Building ETL package Part 2. Knime

Today’s article is a part 2. of our analysis on how to build ETL package. In the previous one, we have covered SQL Server Integration Services, and now we will go through KNIME platform.

Check out part 3. on Custom ETL Solution with. SQL Tables, Stored Procedures and Managed Code (C#) as well.

KNIME is analytics platform helping you discover the potential hidden in your data, mine for fresh insights, or predict new futures. It is provided under GPL Free public license,  meaning it can be downloaded, distributed and used for free.

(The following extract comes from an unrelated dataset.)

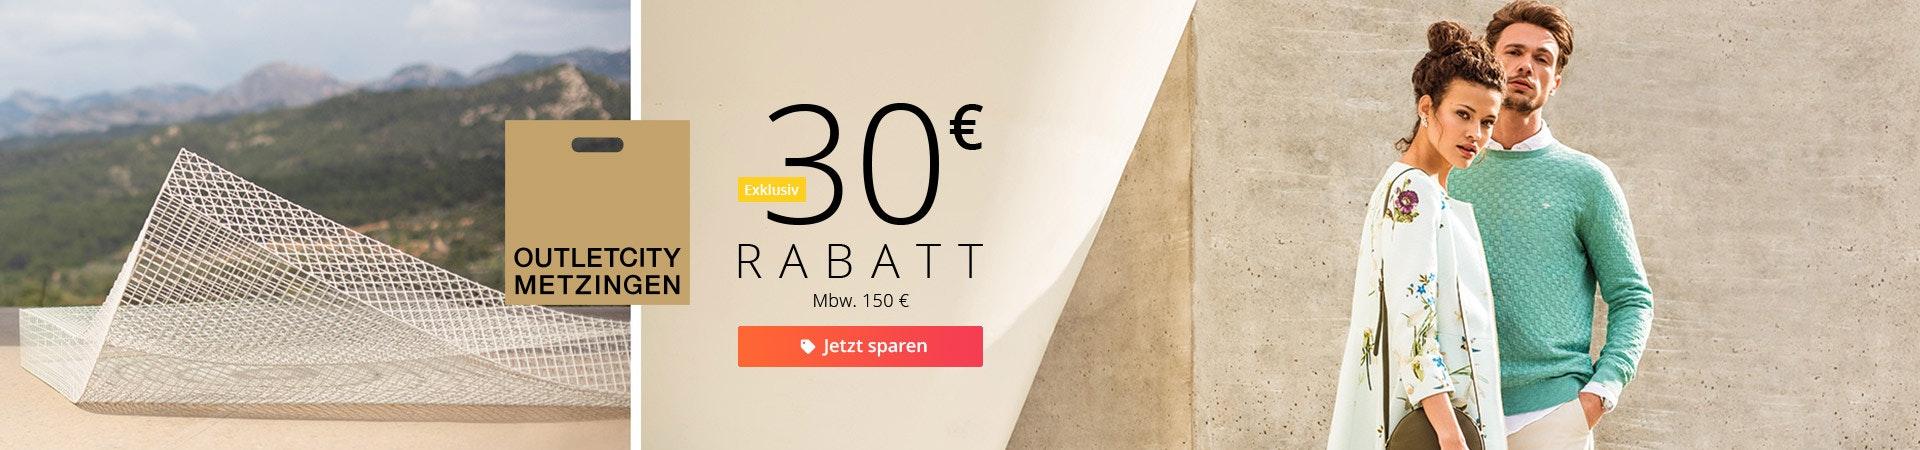 Outletcity 30 euro

The KNIME Analytics Platform incorporates hundreds of processing nodes for data I/O, preprocessing and cleansing, modeling, analysis and data mining as well as various interactive views, such as scatter plots, parallel coordinates, and others. It integrates all of the analysis modules of the well known Weka data mining environment, and additional plugins allow R-scripts to be run, offering access to a vast library of statistical routines.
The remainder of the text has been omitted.